= Reproductive privilege =

Form of social privilege

Reproductive privilege is a form of social privilege that describes people who have been able to regenerate themselves biologically and produce new generations with an unremarkable level of difficulty. People with a reproductive disadvantage (including those with infertility, recurrent miscarriages, involuntary childlessness, or other forms of reproductive loss or lack) use the term in reference to the variant levels of ease or difficulty with which people can become/stay pregnant and carry to term (if female) or father a living child (if male). The concept of reproductive difference is controversial and discussion of reproductive privilege is fraught with the social and sociological conflicts that are common to public discourse about children and families.

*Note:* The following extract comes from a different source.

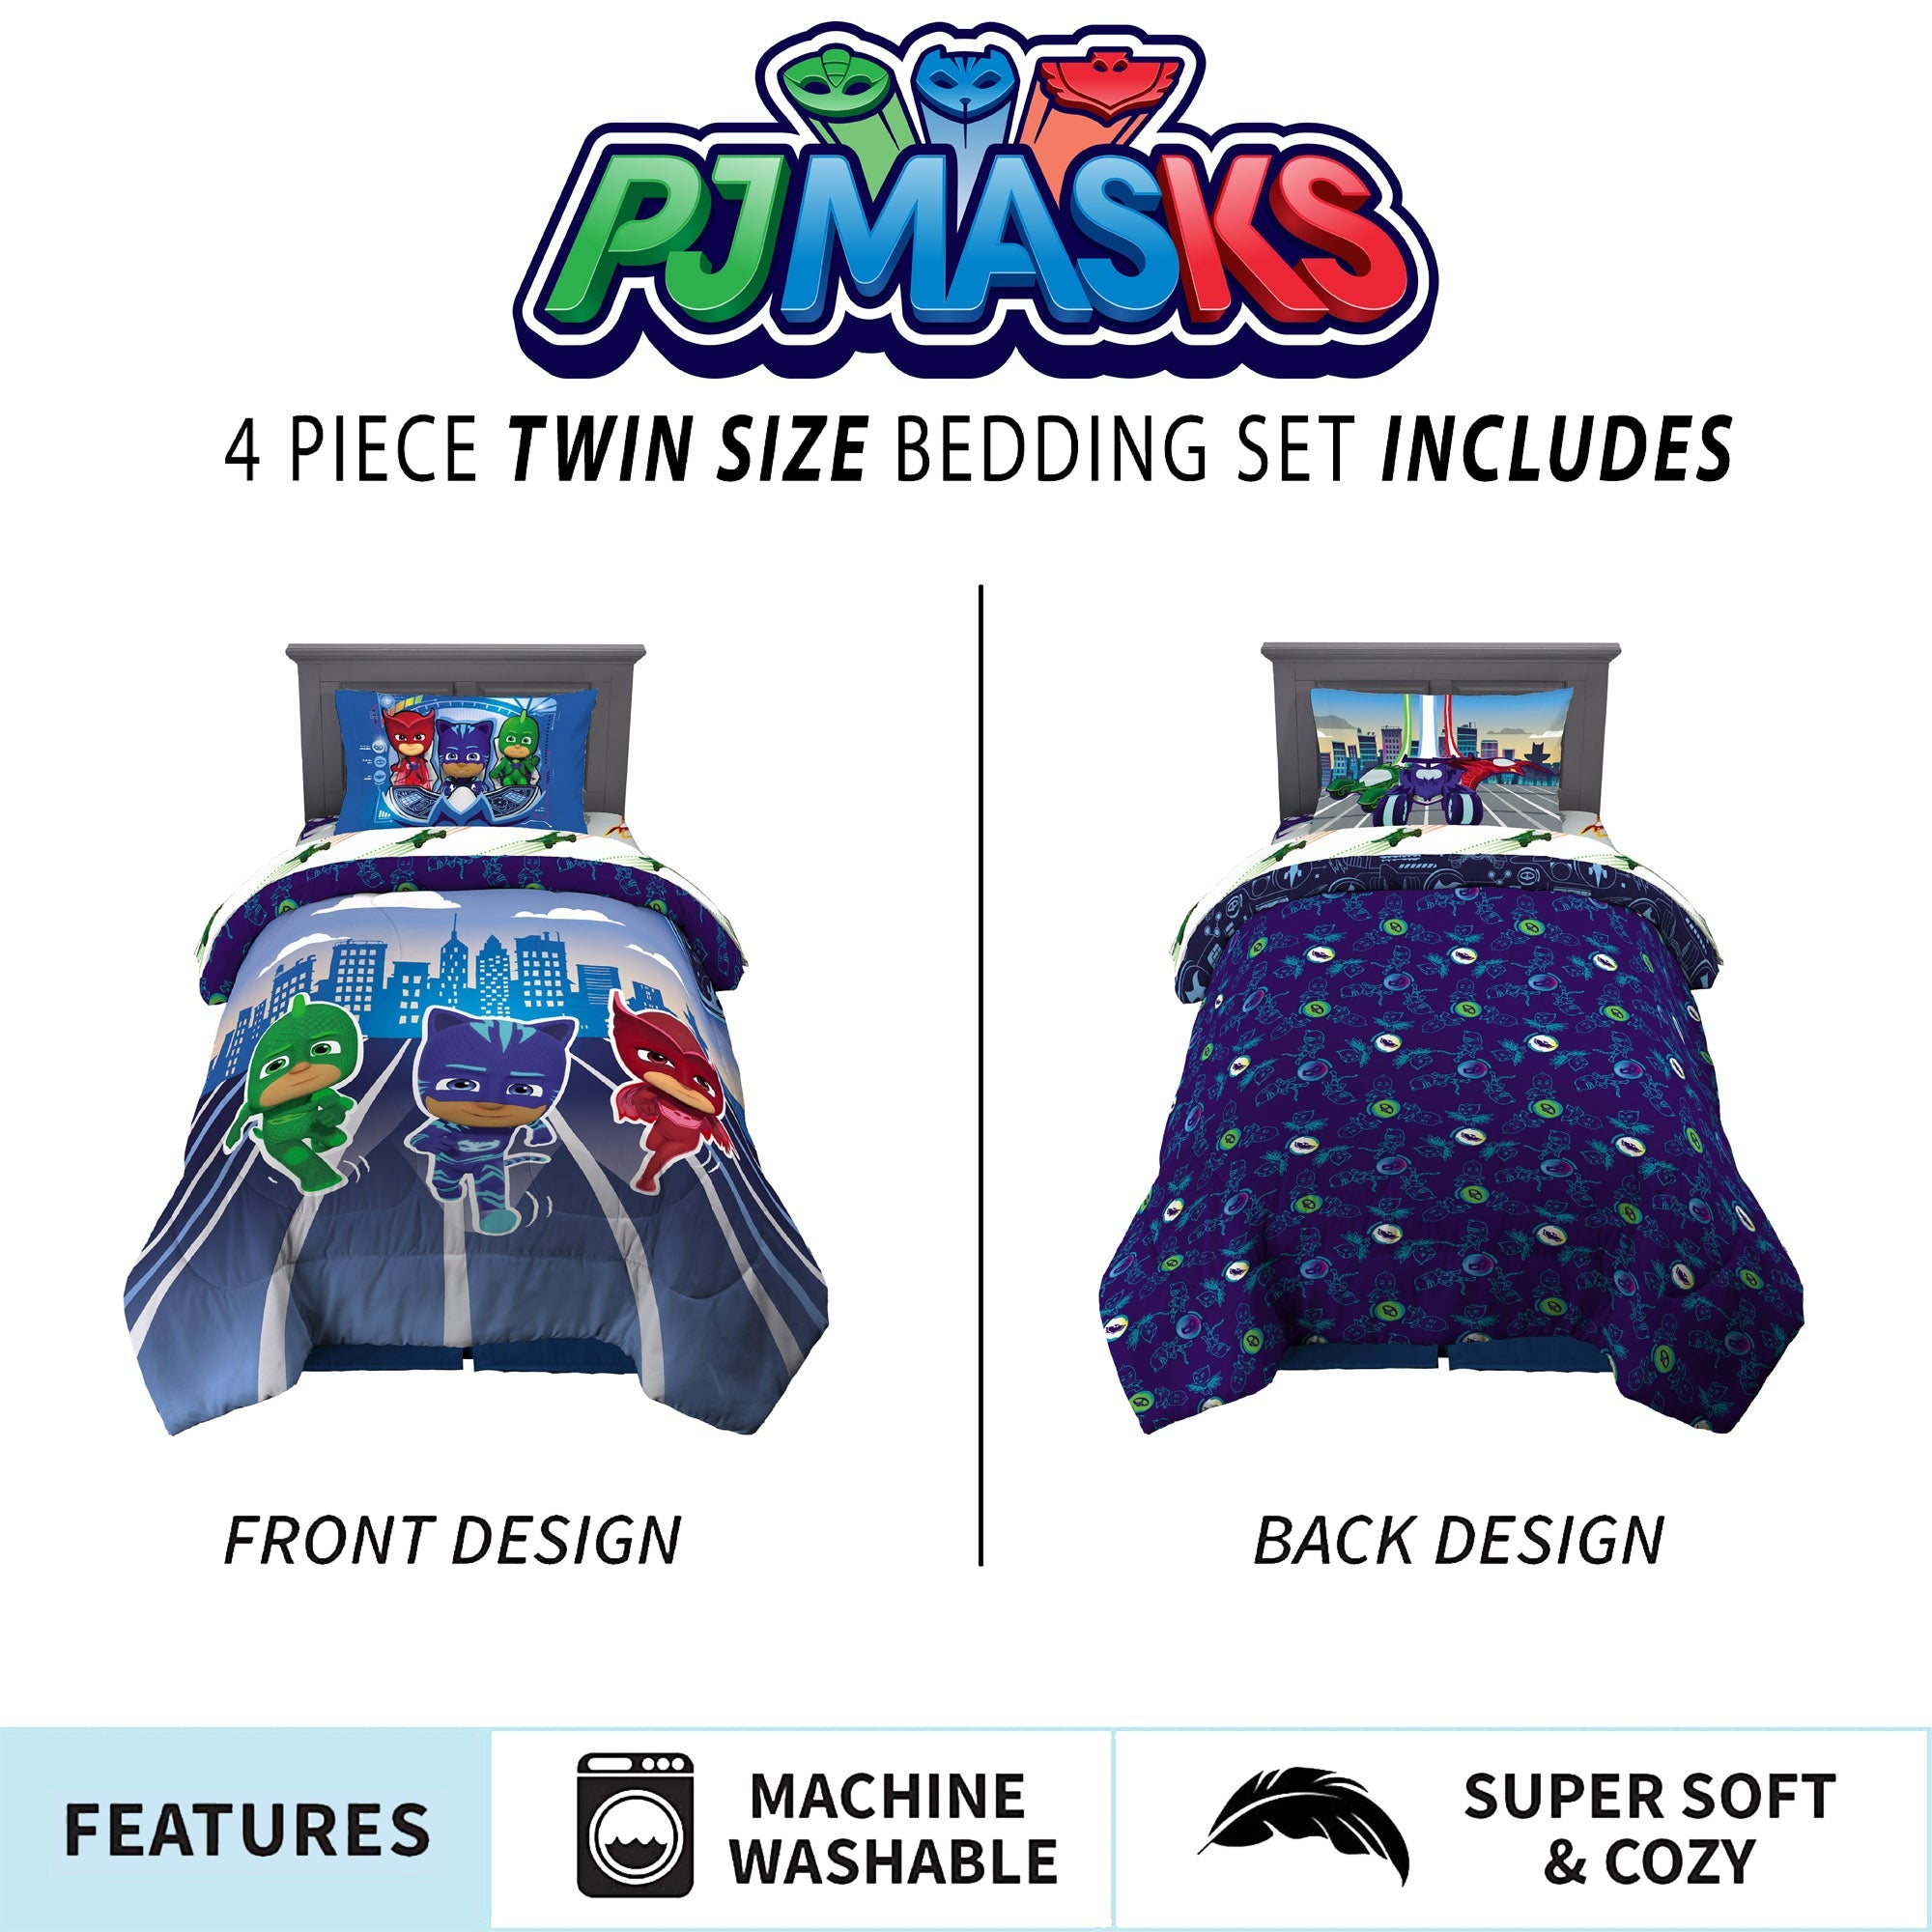 PJ Masks Kids Twin Bed in a Bag, Comforter and Sheets, Blue, Hasbro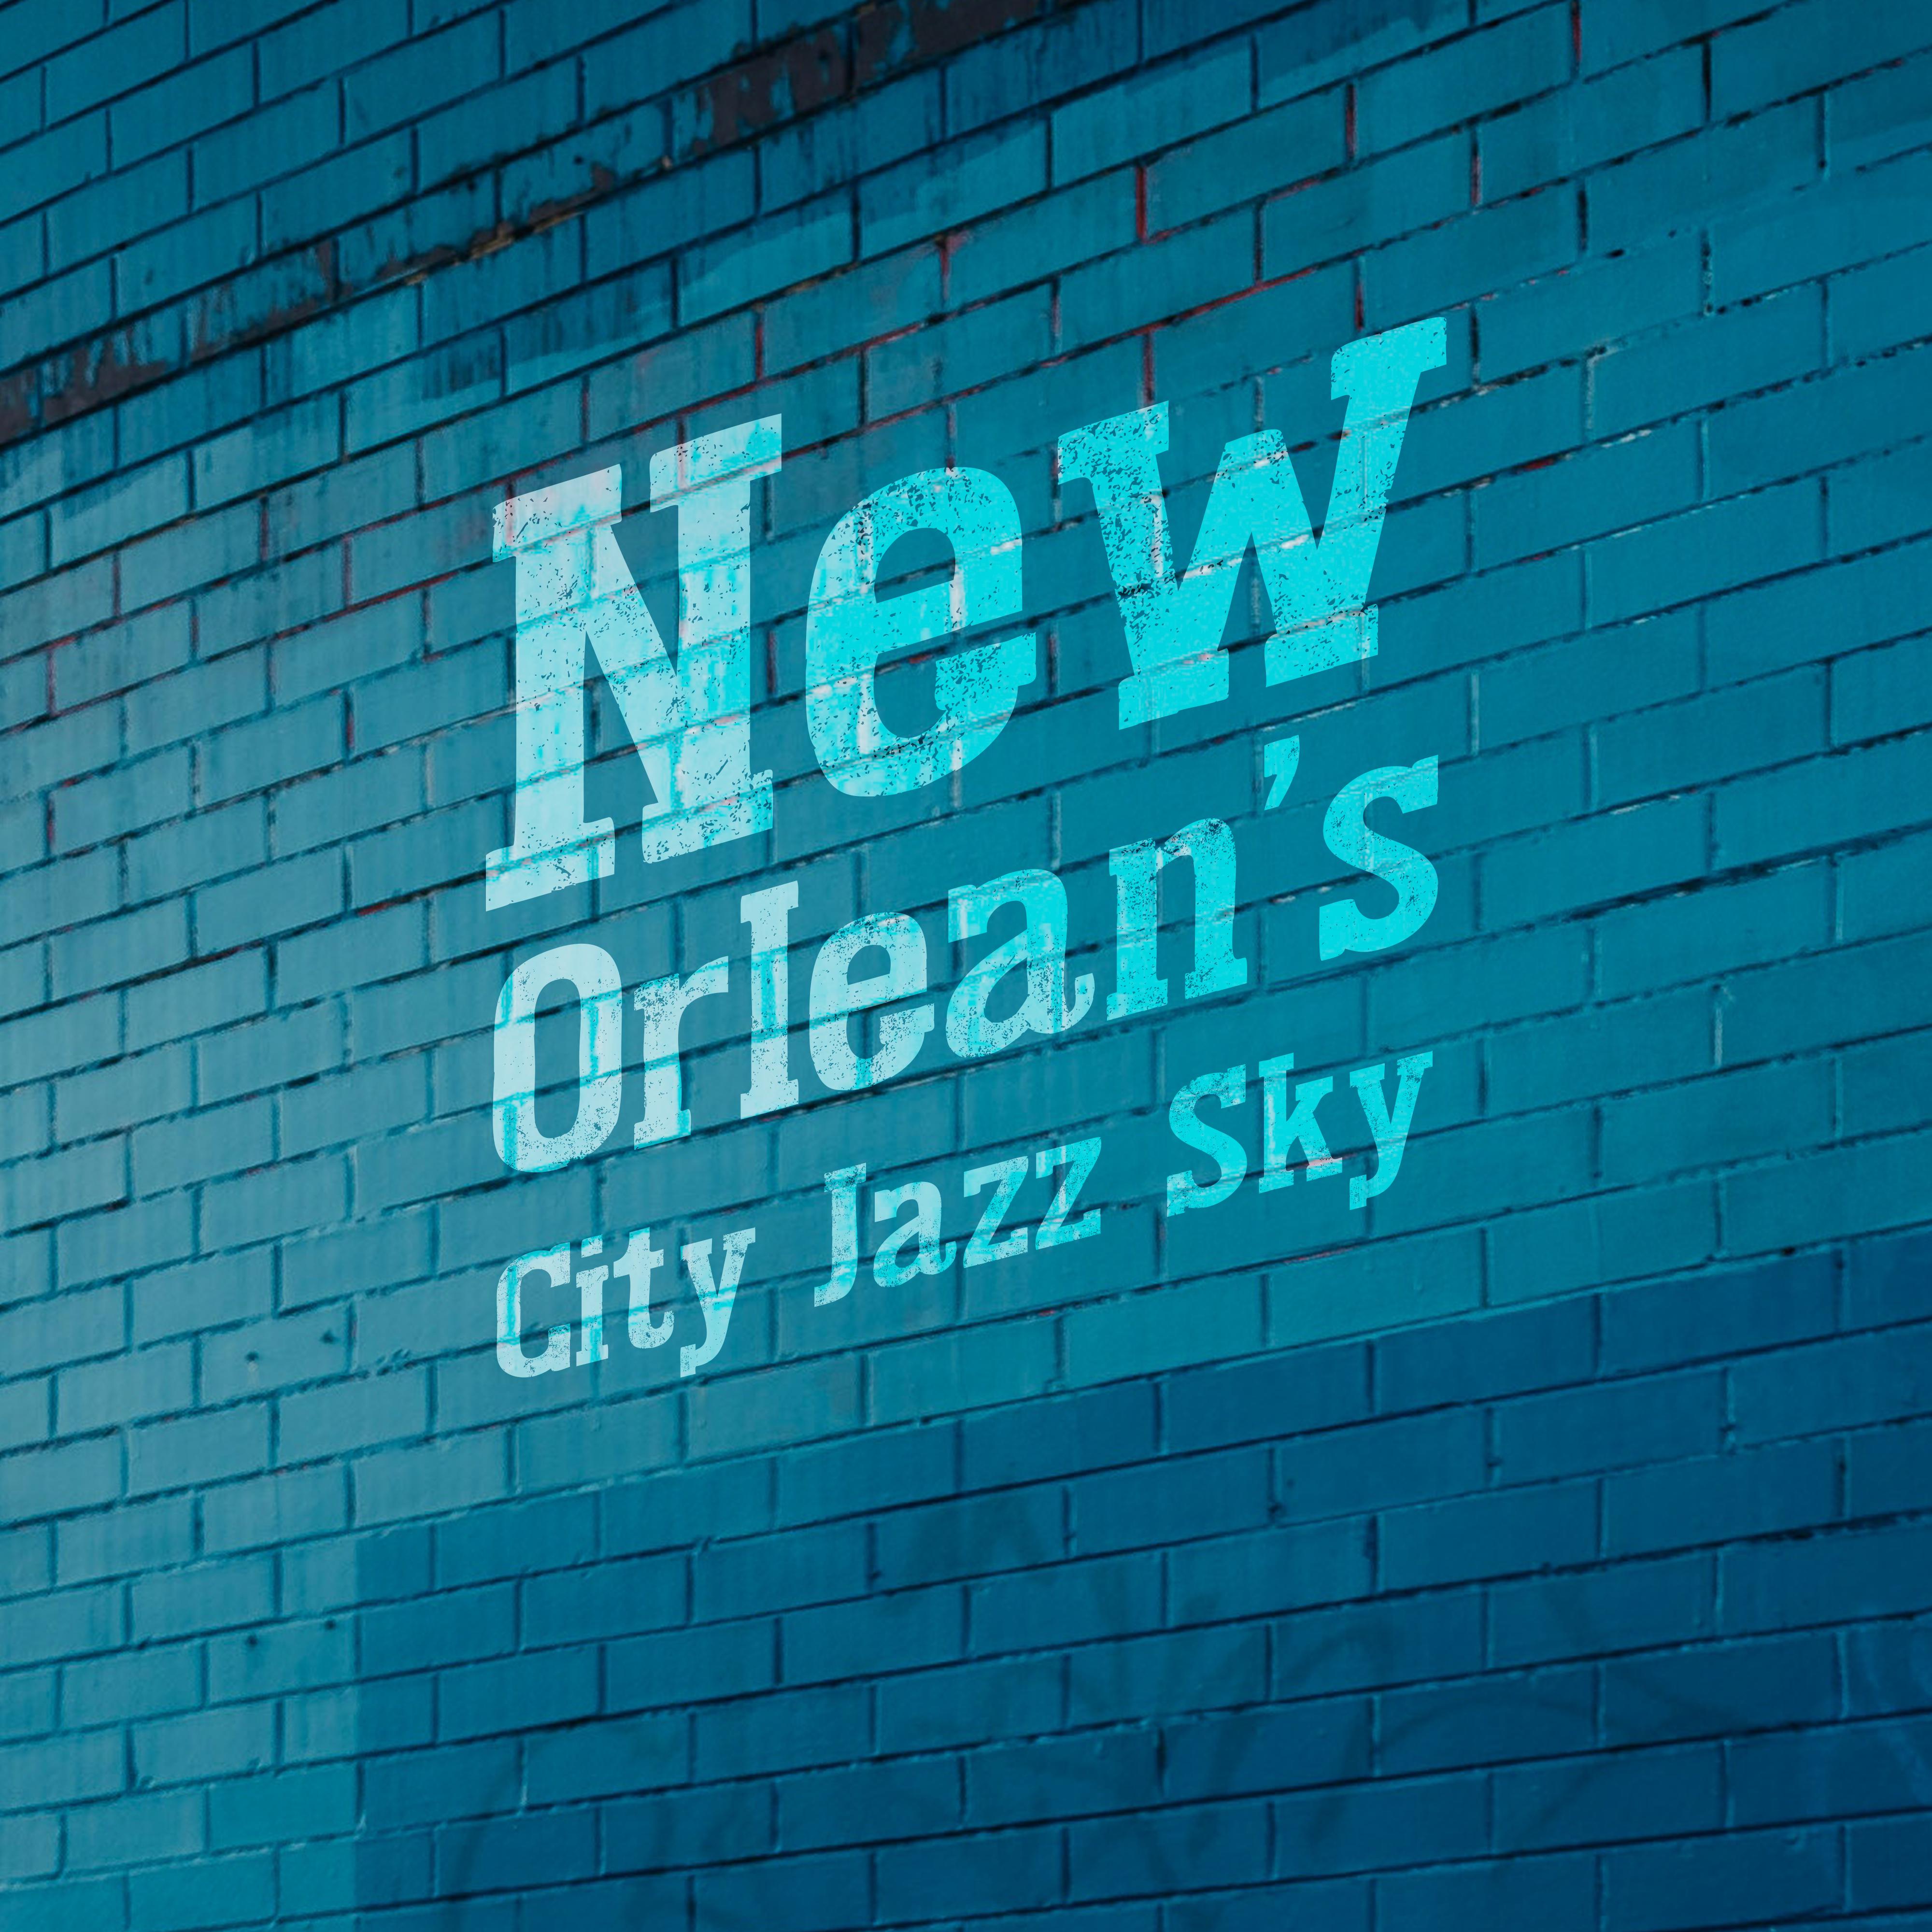 New Orlean's City Jazz Sky: Instrumental Smooth Jazz Music Compilation 2019 with Vintage Sounds & Melodies of Piano, Guitar & Many More

The concept of reproductive privilege, like the related concept of ableism, identifies a human capacity that many take for granted but that is not universally accessible. Reproduction is limited to people with certain bodies, at certain times of their lives, usually with certain baseline levels of physical and mental health. In addition, reproductive behaviors have traditionally occurred within a certain social and economic framework that may be inaccessible to some people for any number of reasons. A stereotypical post-menopausal 19th century spinster who still yearns for children might see a young and beautiful bride as having "reproductive privilege" in that she has an opportunity for and strong likelihood of reproduction. Heterosexual couples have a reproductive advantage over homosexual couples. An infertile couple that successfully adopted arguably has two forms of reproductive privilege, one compared to the biological parents who were not financially or emotionally equipped to raise an infant to adulthood, and two, to other adoption-seeking parents who have not been able to successfully arrange an adoption. While the most common use of reproductive privilege is in regards to fertility versus infertility, it can also describe the comfort of a privileged ignorance of miscarriage, stillbirth and infant death. In the words of one writer, "If people talking about their grief, their loss, their lack makes you feel uncomfortable and defensive: well, that’s privilege...You're entitled to your happiness. Just as we are entitled not to censor our sadness."

Opponents of the concept argue that it commodifies children.